The Faitheist: Chris Stedman's complicated secularism
'I would rather respond to hate with love'
What do you think of when you hear the description “gay, atheist 20-something”? Images of a future seminary student talking intently with Christian street preachers outside the neighbourhood gay bar probably aren’t the first that come to mind.
But Chris Stedman is not your average gay, atheist 20-something. The author of Faitheist has already earned two university degrees, created the popular blog NonProphet Status, and become assistant humanist chaplain at Harvard — all before most of his peers have finished filling out their job applications at The Keg.
In other words, Stedman is the kind of high-profile, pro-religion atheist who has a couple stories up his sleeve. So people started asking him when he was going to write a book. “I said, 'Oh, you know, if I do it, it’ll be in five or 10 years.'” But a friend wasn’t buying the time line. He told Stedman to just start writing and see what happened. “And before I knew it, I had a lot of the book done.”

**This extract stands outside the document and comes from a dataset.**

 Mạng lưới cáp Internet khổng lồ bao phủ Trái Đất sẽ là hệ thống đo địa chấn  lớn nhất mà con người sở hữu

Faitheist is partly a call for interfaith cooperation. But it’s also, for the most part, a memoir.
Stedman starts with his nonreligious childhood. After becoming a closeted evangelical Christian, he is nearly driven to suicide by his own homophobic thoughts. His mother finds a gay-positive pastor, however, who helps bring him from the brink of his own self-hatred. Stedman starts doing queer activism in the church before eventually becoming an atheist. The atheist community he finds, however, is hardly the space of tolerance and pluralism he was yearning for.
Today, Stedman travels widely for speaking engagements about secular social-justice activism and religious diversity. “Often I’ll also lead a workshop . . . and the first thing I’ll do is I’ll ask the people in the room to share what words, ideas, phrases, images come to mind when they hear the word ‘atheist.’”

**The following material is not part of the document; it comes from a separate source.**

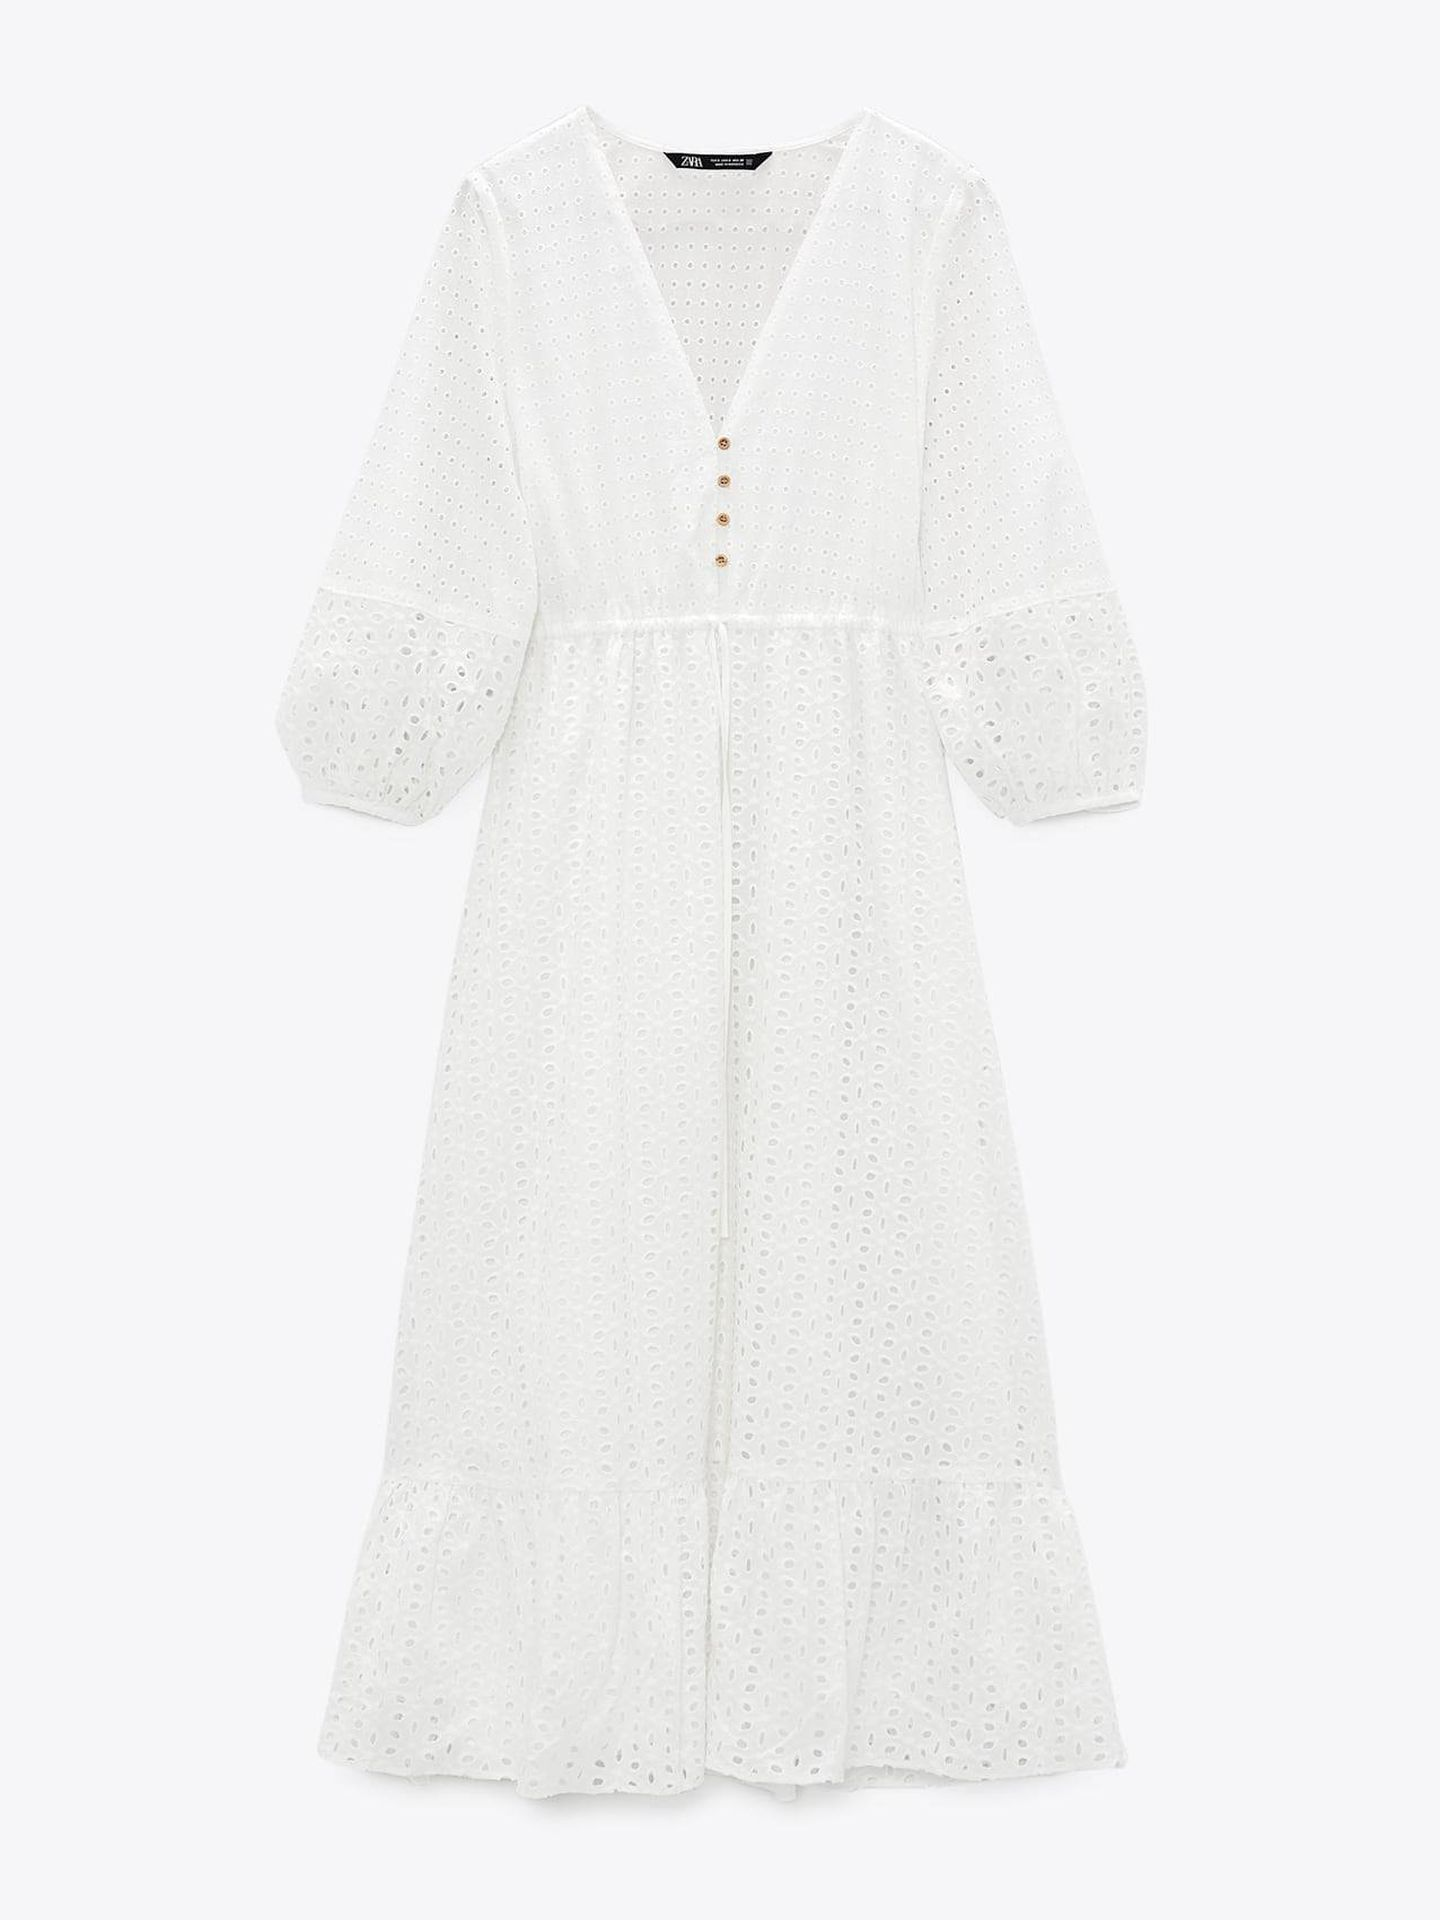 Vestido de novia boho de Zara. (Cortesía)

“Mean-spirited,” “arrogant,” “anti-religious”: the words that usually get thrown back to him don’t bode well for secularism’s reputation. Stedman credits part of the anti-atheist sentiment to messages from the media, including vocal atheist bloggers and pundits. But perhaps more importantly, he points to “negative interpersonal experiences with atheists.”

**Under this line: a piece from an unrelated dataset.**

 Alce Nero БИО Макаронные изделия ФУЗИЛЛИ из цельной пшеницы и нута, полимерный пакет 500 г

“One way to combat a lot of these negative ideas out there,” he says, “is in interfaith contexts.”
Stedman’s not naive. His family was asked to find a new church when he was a kid because of his activism. He’s been attacked in a Chicago train station while sitting with a friend waiting for the next ride home. But he holds on to an unflinching — even religious — faith in the possibility that people can change.
We’re about to wrap up our interview and Stedman stops. He wants to tell me a story that’s not in his book. “It was on Valentine’s Day,” he remembers: Feb 14, 2011.
He was speaking at the University of Illinois about inter-religious cooperation. At the end of his presentation, a woman walked up to him. She stood in front of him, shaking, “and told me that I had a demon inside of me that was making me gay.”
The words were a trigger. He remembered the junior-high lunch hours he spent fasting in repentance of his character. He remembered the afternoons after school, when he went home to be alone, writing in his journal and marking his Bible obsessively with highlighters. He remembered being 13 years old, holding himself back in the shower from taking his own life.
Stedman had no idea how he was going to react. Looking back, he says, he would have been well within his rights to ignore her or even break down and cry. He might have mocked her or dismissed her entirely, he says: “Interfaith dialogue is contingent on a two-way street. There has to be a mutual respect there . . . and she clearly wasn’t showing me that.”
But instead, he paused and spoke back softly.
“Thank you for being honest with me,” he said to her. “I know it can be really hard to tell someone something that they really need to hear but maybe they don’t want to, and that’s brave of you to do.”
Originally expecting a confrontation, the woman was taken aback, Stedman remembers. Instead, the pair began to talk about their beliefs and their values. He walked her through what it felt like to be a young kid who believed that he did have that demon inside of him. He told her about how he accepted himself for the person he is.
As a storyteller, Stedman says, he’d love to be able to tell me that she walked away changed. “I can’t say that."
“But I can say that because she had the opportunity to hear me out and get to know me a little bit, now she has another point of reference,” he tells me. “When she hears a minister preaching about it, when she sees the news and there’s a ballot initiative up for a vote — now, when she hears the word ‘gay’ or ‘LGBT’ or what have you, she has to connect it with a person.”
Is he hopeful about her, I ask? “I am. I am, yeah. And I would rather try to respond to acts of hate or ignorance with love . . . and inject some humanity into that moment.”